IDAM Concept Mapping

The OAuth Token Collision — and Where It Stops Working

The word "token" already means something to you, and that meaning is precise: an OAuth token is a credential. It represents an authorization grant. It has an issuer, an audience, a scope, an expiration time. It flows between systems as proof that a principal was authorized to do something. You count them, yes, but what you're really tracking is what they represent — who authorized what, to whom, for how long.

LLM tokens share the word and nothing else. They are not credentials. They don't represent anything. They have no issuer, no audience, no scope, no expiration. They are the text itself, chunked into pieces the model can process numerically. Counting LLM tokens is like counting words — it's a measure of volume, not a measure of authorization or identity. An OAuth token is a noun, a thing with semantics. An LLM token is closer to a unit of measurement, like a byte or a character, except the chunk size is variable and determined by a tokenizer trained on a specific corpus.

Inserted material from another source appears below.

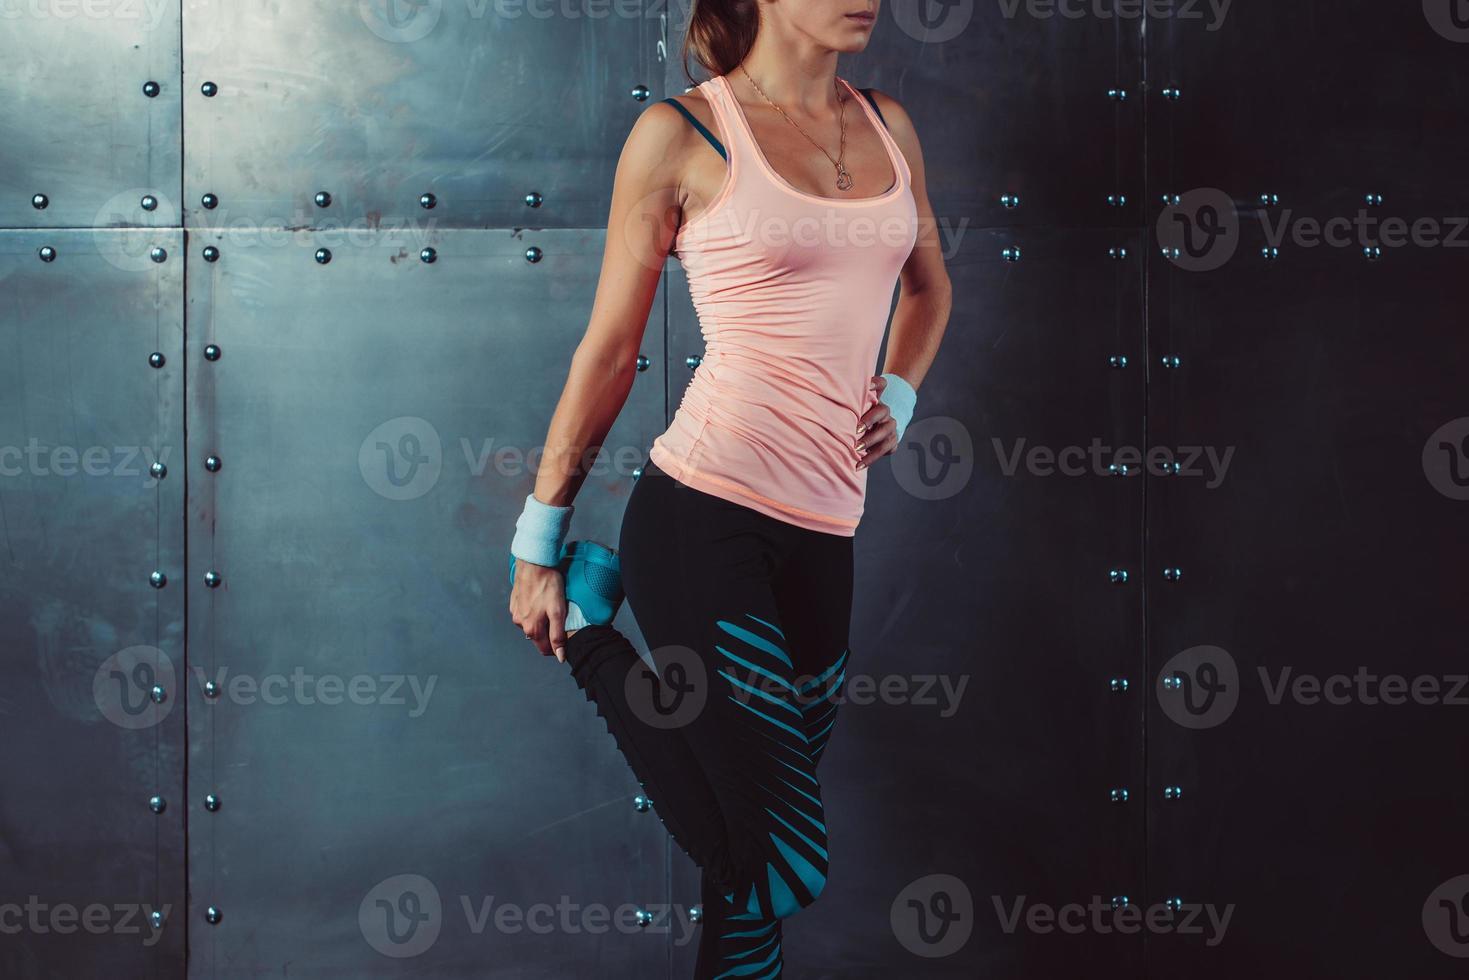 mulher de fitness, esticando as pernas ajuste corredor feminino fazendo alongamentos foto

The collision matters because the mental model you carry for OAuth tokens will actively mislead you if you apply it here. When someone says "the agent consumed 80,000 tokens on that call," the right questions are: how did the context accumulate, what was the input/output split, and what's the per-token price? The wrong questions — who issued these tokens, what do they grant access to, are they still valid — don't have answers, because they're asking about the wrong thing entirely. The word is the same. The ontology is completely different. Don't let the word do work it can't do.

The synthesis piece at the end of this section pulls these concepts together with the others in the AI Foundations arc. The operational core here is narrower: tokens are how models measure text, context windows are how much text they can hold at once, and inference is the computation event that turns input tokens into output tokens. In agent loops, the accumulated context is where the real spend lives. And the OAuth token you've been working with for years is a completely different animal — same name, different species.

Know the difference before the meeting. You won't have time to work it out during.